If the estimate PDf value is large,we are close to maximum and the step size will be small.

Using the Gradient

to find the modes of the PDF,we do not actually required to estimate the PDF,we require just the gradient of the PDF to move in the direction of the mean shift vector.

The gradient of superposition of kernels centered at each data point is equivalent to convolving the data points with gradient of the kernel.

Instead of convolving with gaussian kernel,we can convolve with gradient of gaussian kernel.

\begin{eqnarray*} k(X) = C exp\Big(-\frac{x^2+y^2}{2*h}\Big) \\ \nabla k(X) = \Big[-\frac{x}{h}*k(x) ; -\frac{y}{h}*k(x) \Big] \end{eqnarray*} Thus given a intial point ${X}$ ,we estimate the value at ${X}$ using the kernels $-\frac{x}{h}*k(x)$ and $-\frac{x}{h}*k(x)$ which gives us the direction of gradient at the point $X$

Since we do not actually estimate the PDF at a point,but estimate the gradient of PDF each time during the mean shift iteration we need to take a step in direction of mean shift vector,in the earlier case ,we used the scale the gradient by the estimated PDF values to obtained a normalized measure.
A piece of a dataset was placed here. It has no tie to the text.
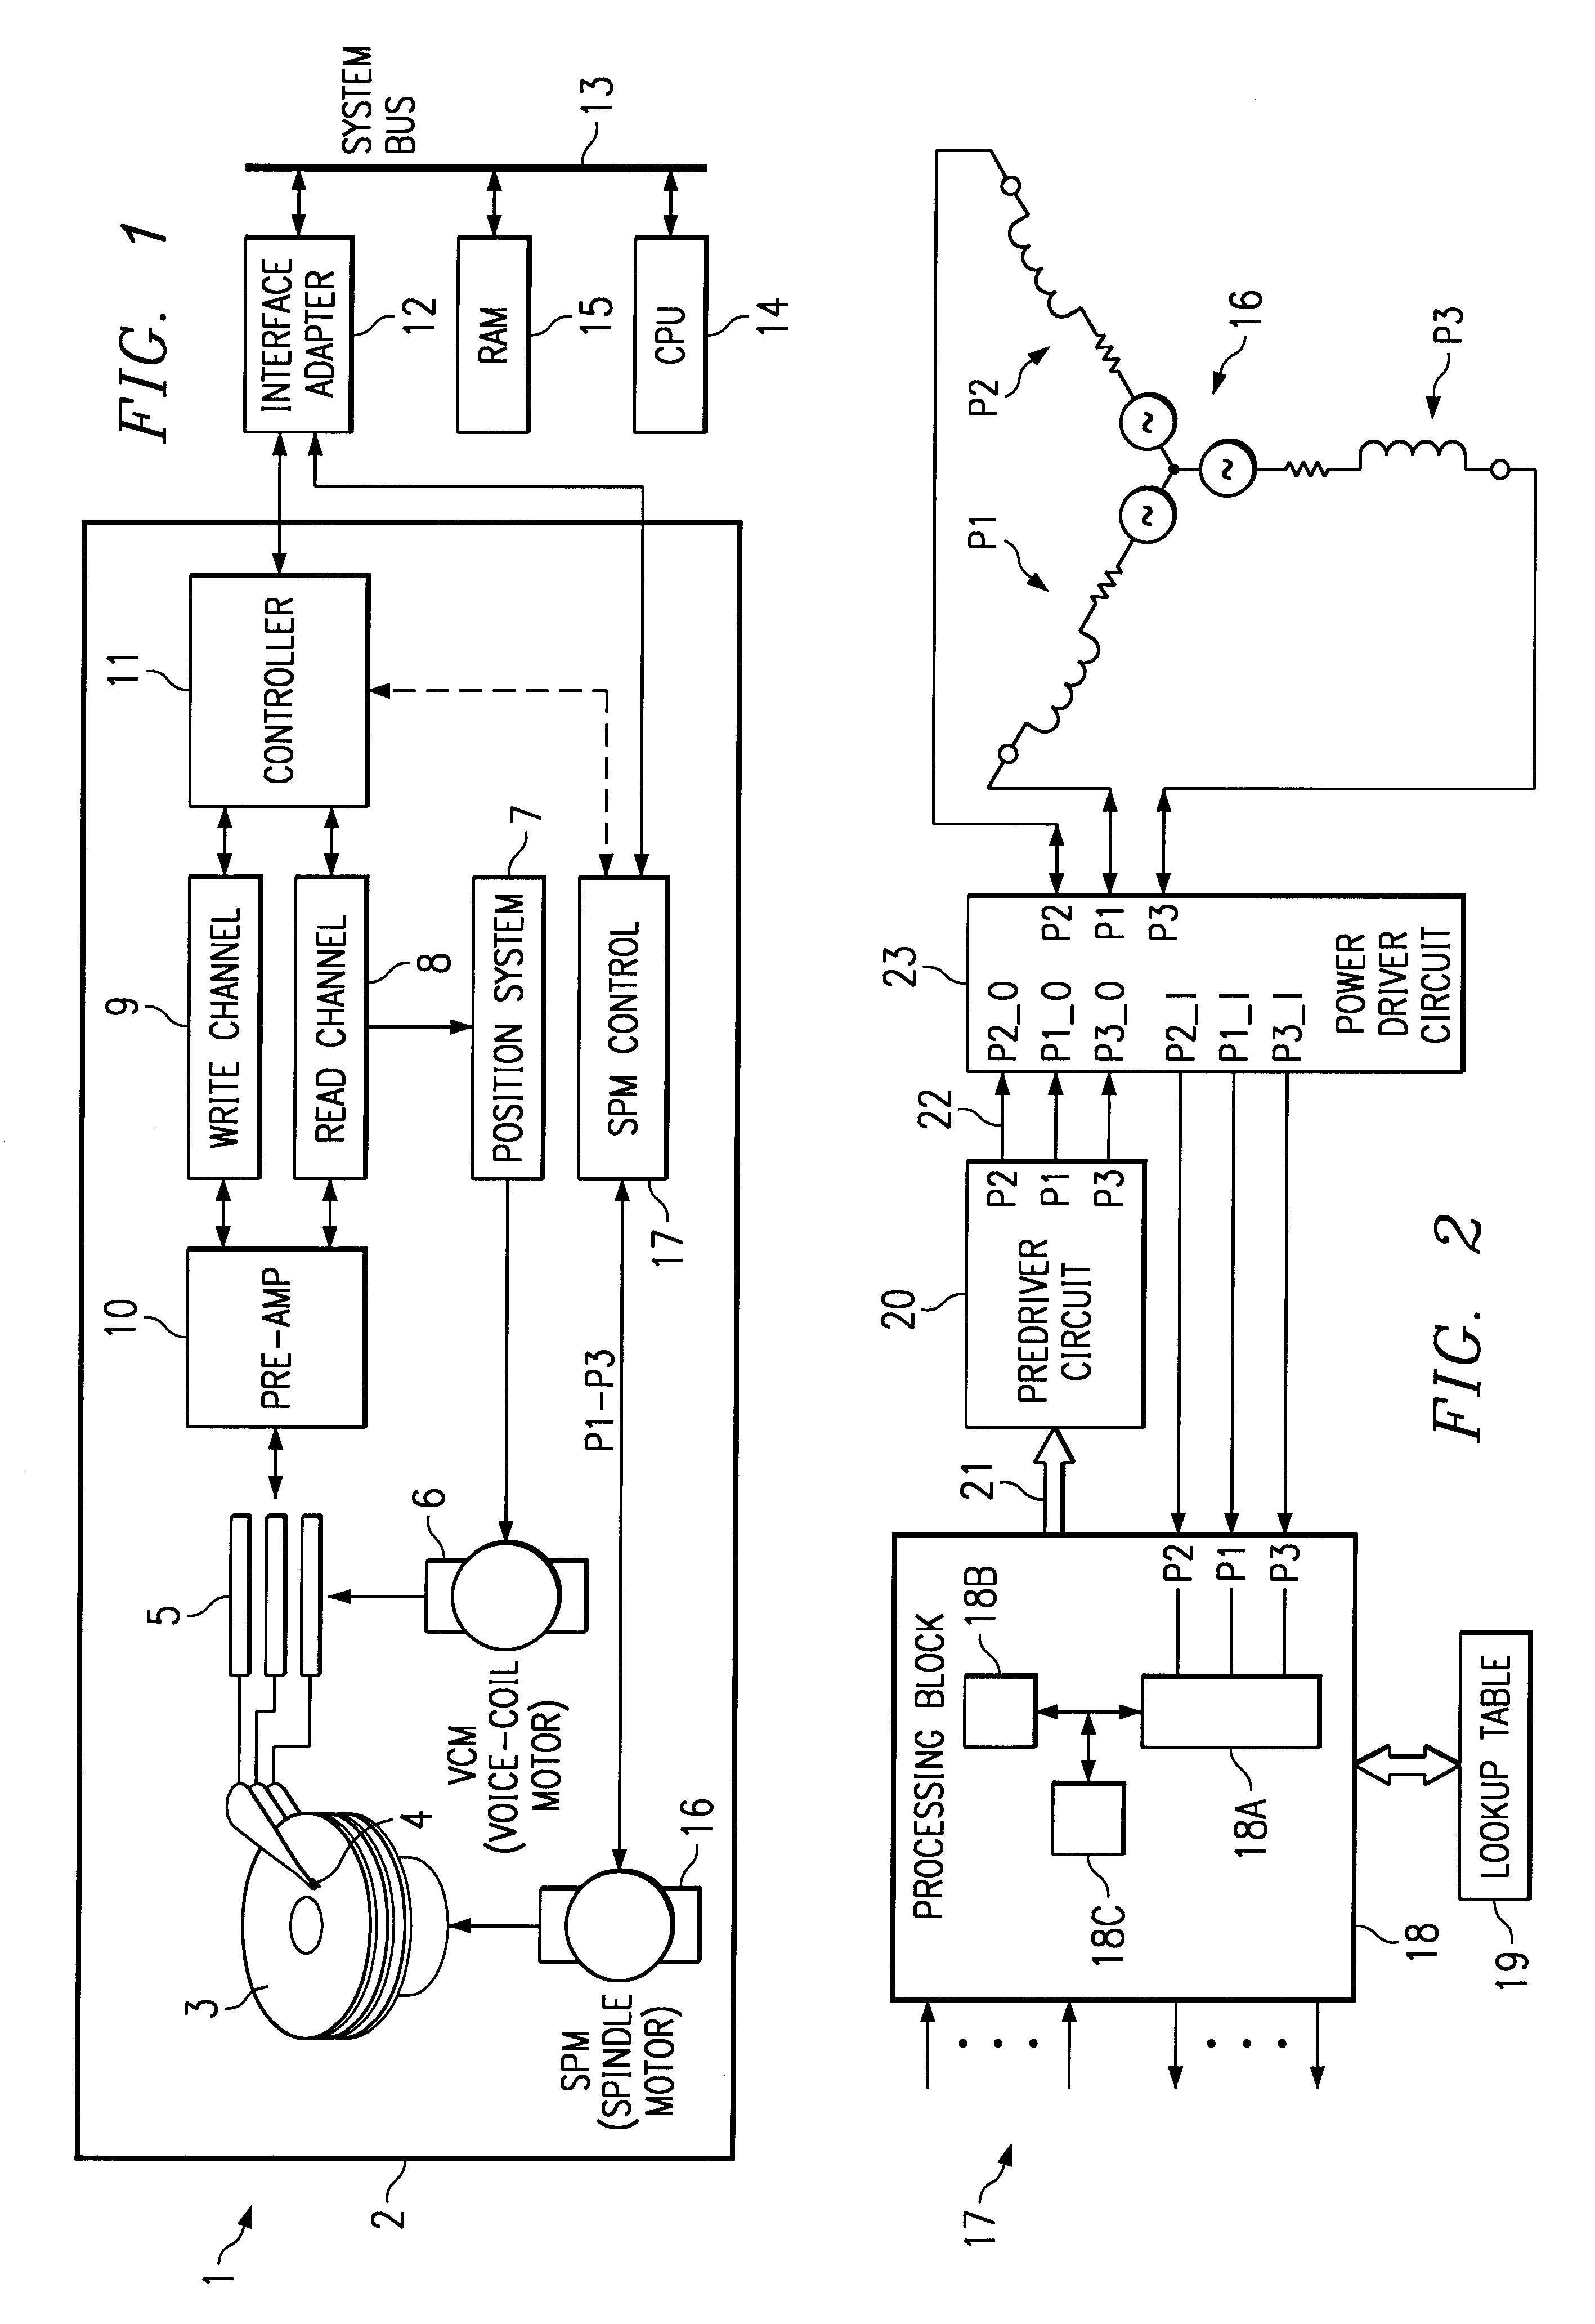 Method and apparatus for spinning a multiphase motor for a disk drive system from an inactive state

However in the present case we do not adaptively change the step size but take a step of fixed size in direction of the gradient.

This still incorporates some adaptive behavior,since mean shift vector magnitude depends on the gradient magnitude.

If gradient magnitude is large,step size take will be large else step take will be small and refined ,near the maximum.

video of mean shift algorithm using gradient estimates is shown in


This iterative algorithm is a standard gradient descent algorithm and the convergence is guranteed for infinately small step size.

Since the algorithm depends on kernel density estimate, the bandwith of kernel will play a important role in mean shift algorithm as well.

Local Maxima

If we reach a region,where local density is flat or we have reached a local maximum.The algorithm will terminate.

this is a problem in case of all algorithms trying to reach a global maximum.The animation for the same is shown in
original PDF
Mean shift
fig:image6

Code

The Code is written in matlab and available in repository https://github.com/pi19404/m19404/tree/master/meanshift the file mean_shift.m is the main file.The file kgde2 implements kernel density estimator using bivariate gaussian windows for 2D distributions.The file kgde2x implements estimation of gradient on KDE .The dim parameter decides the computation of gradient along x and y directions.